The second phase is to introduce service automation through (ideally) end-to-end IT orchestration (also known as Run Book Automation) and service assurance tools. This phase is all about speed and quality of IT service delivery at scale, with predictability and availability at lower change management costs. In short, this is providing IT Service Management (ITSM) in a workflow-based structured way using best-practice methodologies.

This second phase is a natural progression of software tool development to manage data center infrastructure, physical and virtual. This development timeline is shown in Figure 3-14. The IT industry is now adopting 'programmatic' software to model underlying infrastructure capability and capacity. Within these software models, technology and business rules can be built within to ensure compliance and standardization of IT infrastructure. We discuss an example of this type programmatic model tooling in Chapter 5 when we discuss the 'Network Hypervisor' product.

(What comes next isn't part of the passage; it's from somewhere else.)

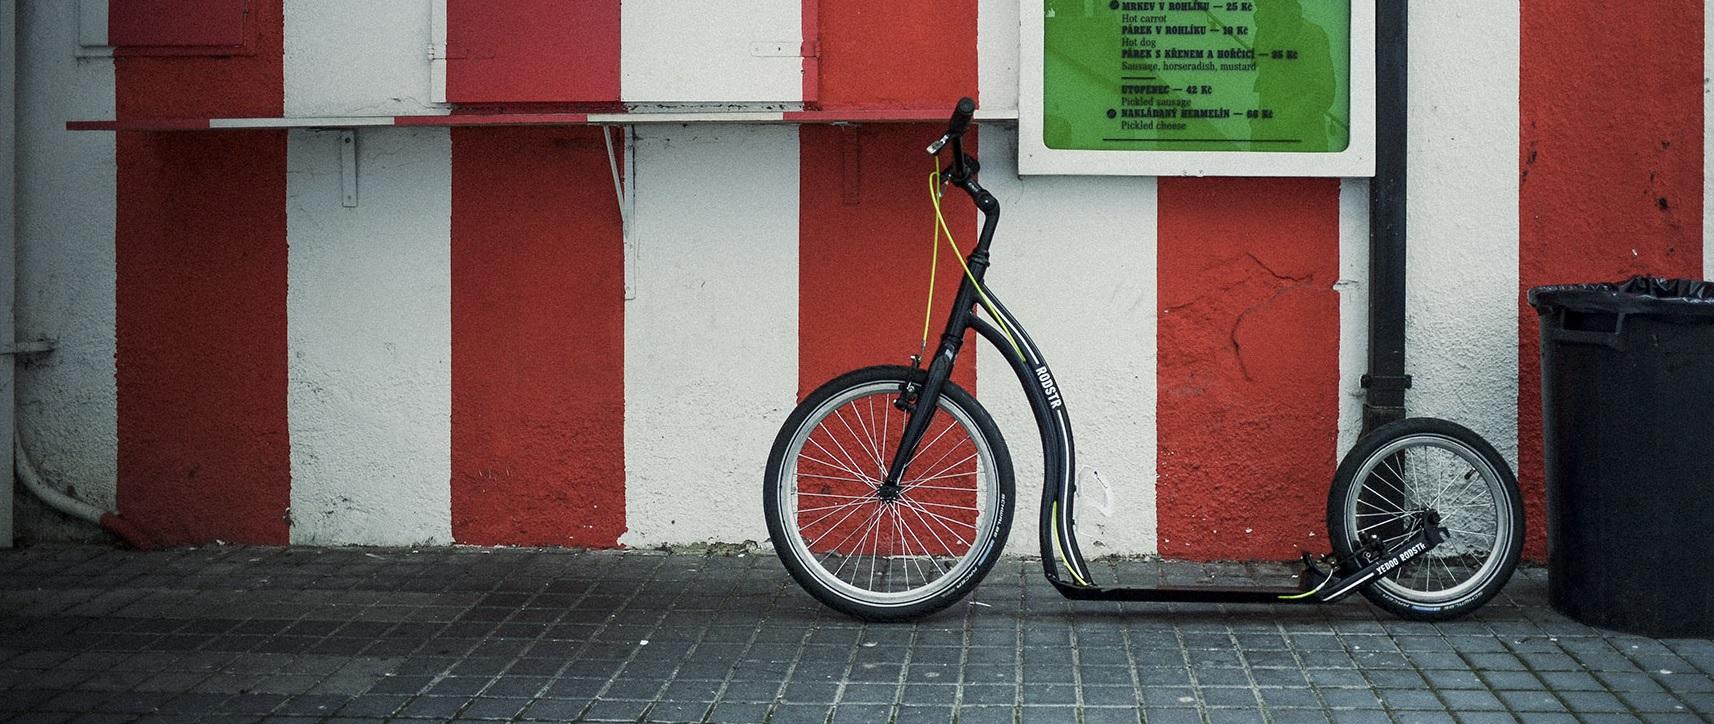 kickbike tretroller online kaufen g nstig kaufen. Black Bedroom Furniture Sets. Home Design Ideas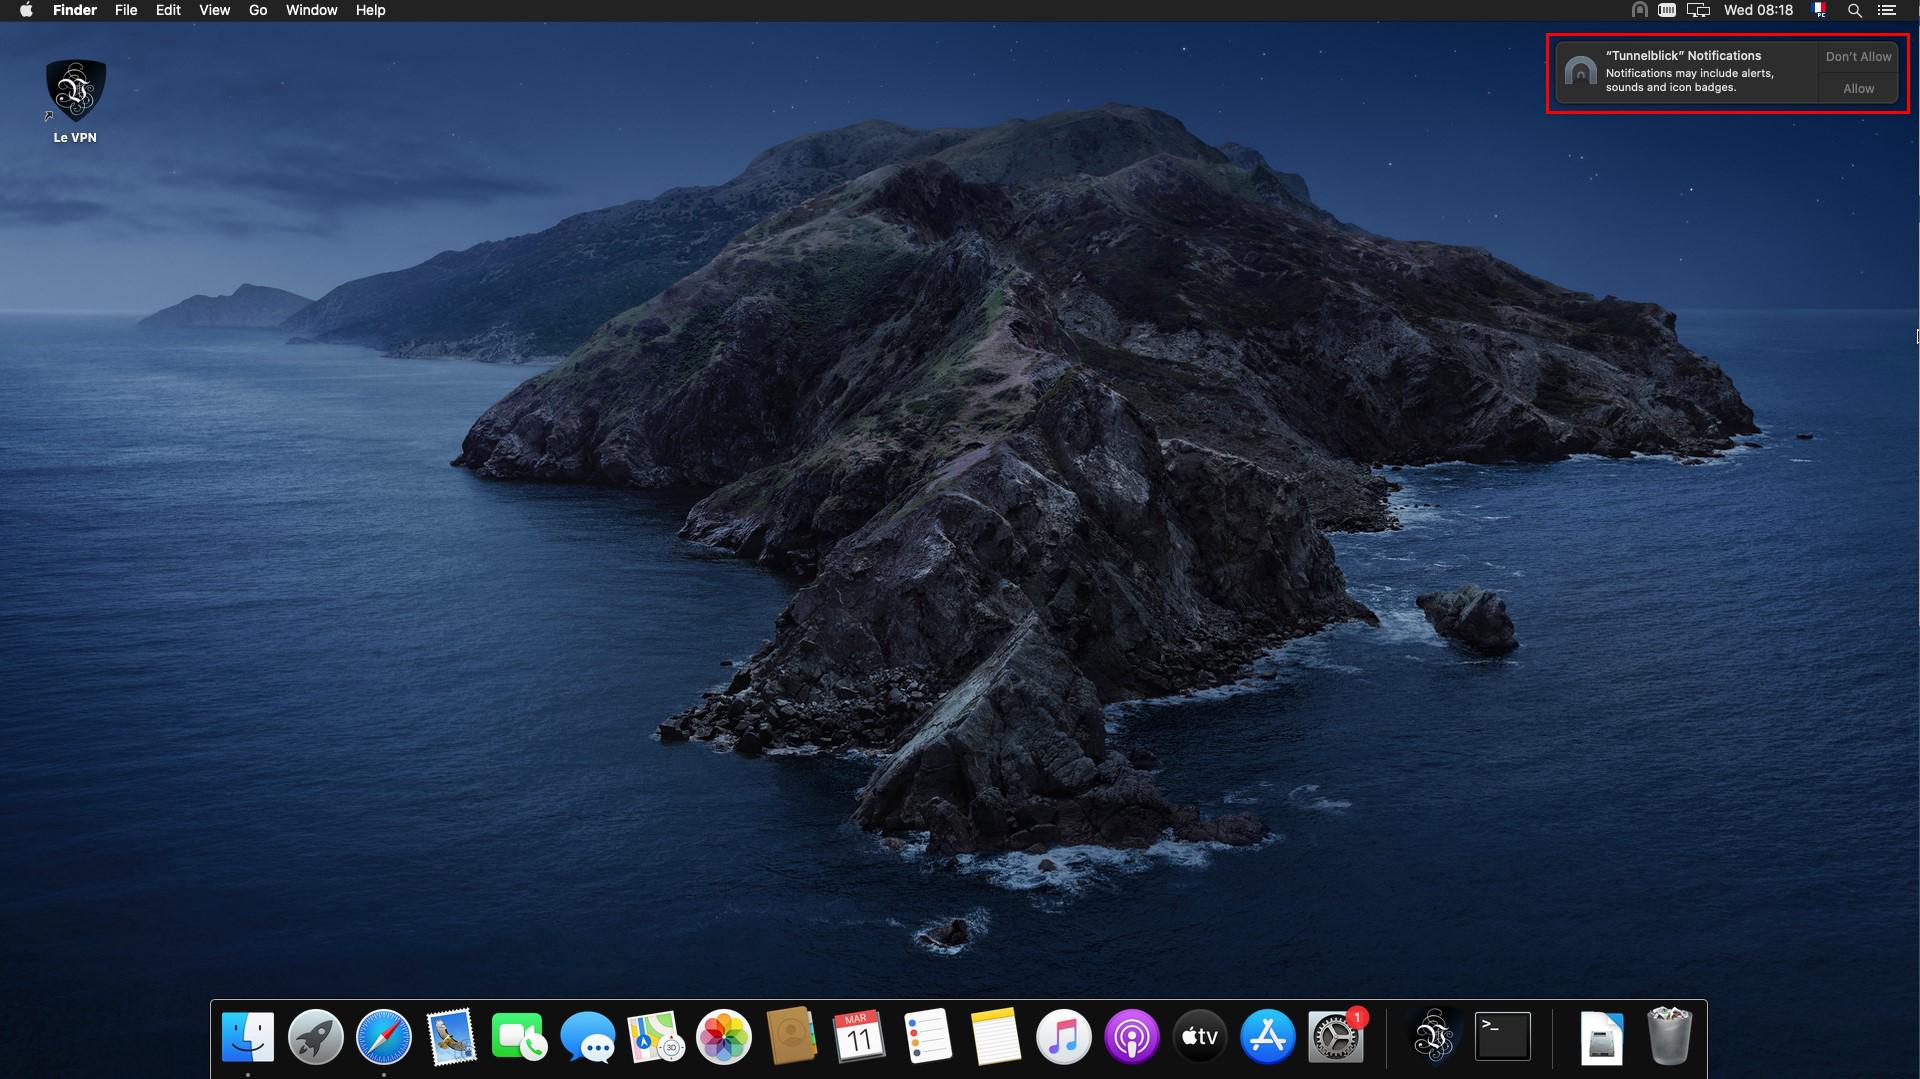 Le VPN MacOS OpenVPN Tunnelblick

The third phase is building and integrating service capabilities. Service-enabling tools include a customer portal and a service catalogue in conjunction with SLA reporting and metering, chargeback, and reporting. (Service catalogue is often an overused term that actually consists of multiple capabilities, for example, portfolio management, demand management, request catalogue, and life cycle management). From an operational perspective, integration of IT orchestration software (for example, Cisco Enterprise Orchestrator) along with smart domain/resource management tools completes the end-to-end service enablement of infrastructure. This third phase is about changing the culture of the business to one that is service lead rather than product lead. This requires organizational, process, and governance changes within the business.

Technology to support the fourth phase of this journey is only just starting to appear in the marketplace at the time of this writing. The ability to migrate workloads and service chains over large distances between (cloud) service providers requires an entire range of technological and service-related constraints that are being addressed. Chapter 5, "The Cisco Cloud Strategy," will discuss some of these constraints in detail.

Summary

Cisco believes that the network platform is a foundational component of a utility service platform as it is critical to providing intelligent connectivity within and beyond the data center. With the right built-in and external tools, the network is ideally placed to provide a secure, trusted, and robust services platform.

The network is the natural home for management and enforcement of policies relating to risk, performance, and cost. Only the network sees all data, connected resources, and user interactions within and between clouds. The network is thus uniquely positioned to monitor and meter usage and performance of distributed services and infrastructure. An analogy for the network in this context would be the human body's autonomic nervous system (ANS) that acts as a system (functioning largely below the level of consciousness) that controls visceral (inner organ) functions. ANS is usually divided into sensory (afferent) and motor (efferent) subsystems that is analogous to visibility and control capabilities we need from a services platform to derive a desired outcome. Indeed, at the time of this writing, there is a lot of academic research into managing complex network systems, might they be biological, social, or traditional IT networking. Management tools for the data center and wider networks have moved from a user-centric focus (for example, GUI design) to today's process-centric programmatic capabilities. In the future, the focus will most likely shift toward behavioral- and then cognitive-based capabilities.

The network also has a pivotal role to play in promoting resilience and reliability. For example, the network, with its unique end-to-end visibility, helps support dynamic orchestration and redirection of workloads through embedded policy-based control capabilities. The network is inherently aware of the physical location of resources and users. Context-aware services can anticipate the needs of users and deploy resources appropriately, balancing end-user experience, risk management, and the cost of service.